Common failure modes

  • too generic: add 5-10 persona-aligned SFT examples focused on the missing style, then re-evaluate
  • too restrictive: remove or rewrite 3-5 refusal-heavy or over-aggressive boundary examples, or move to relaxed
  • not restrictive enough: add 5-8 refusal examples and 3-5 boundary cases, then retrain
  • factual weakness: improve retrieval and curated knowledge before adding more LoRA data
  • style improved but substance did not: add 5-10 domain examples tied to your real heuristics or source evidence
  • retrieval-grounded prompts fail: verify the matching docs were ingested, chunked, and embedded before changing LoRA data

What to document after the run

Create a snapshot note with:

  • date
  • model profile
  • guardrail profile
  • dataset path
  • prompt profile
  • adapter output path
  • baseline result summary
  • post-training result summary
  • what changed next

Important caution

Do not assume a better-feeling answer means a better model. Compare against the baseline and keep the same eval cases across runs.

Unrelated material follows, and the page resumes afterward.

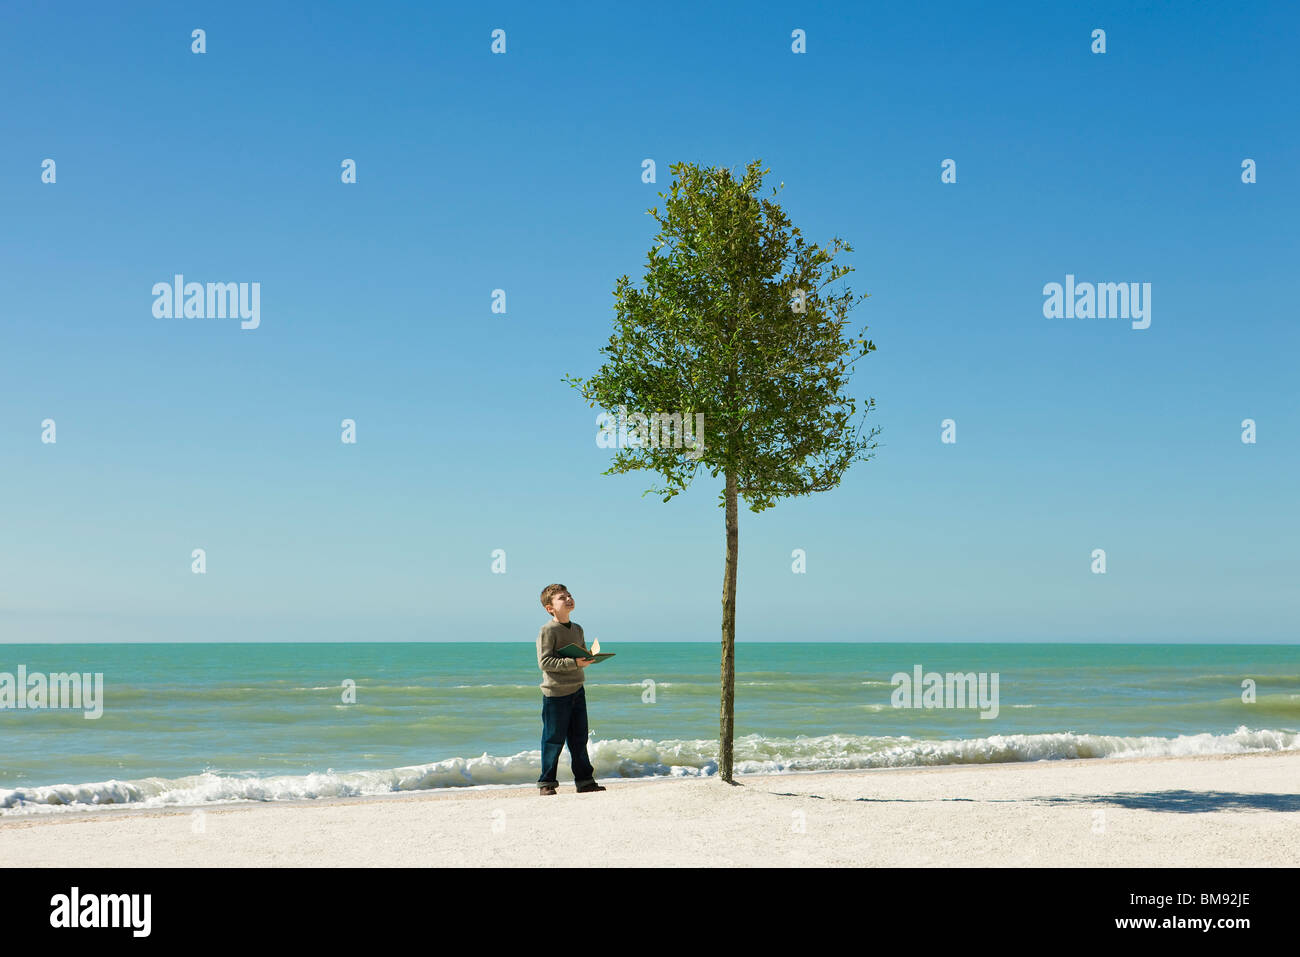 Boy standing on beach à livre ouvert dans les mains, admirant l'arboriculture dans le sable Banque D'Images

When to stop tuning the first iteration

Ship the first iteration and move to real usage when:

  • hard refusal cases pass
  • boundary-case behavior is acceptably clean
  • your persona checks are at or above the target in docs/07_evaluation.md
  • the model is clearly more useful than the baseline on your core domains

Do not keep tuning just because a few answers could still be better. Once the first iteration clears the quality bar, start using it for real work and collect the next wave of improvements from actual usage.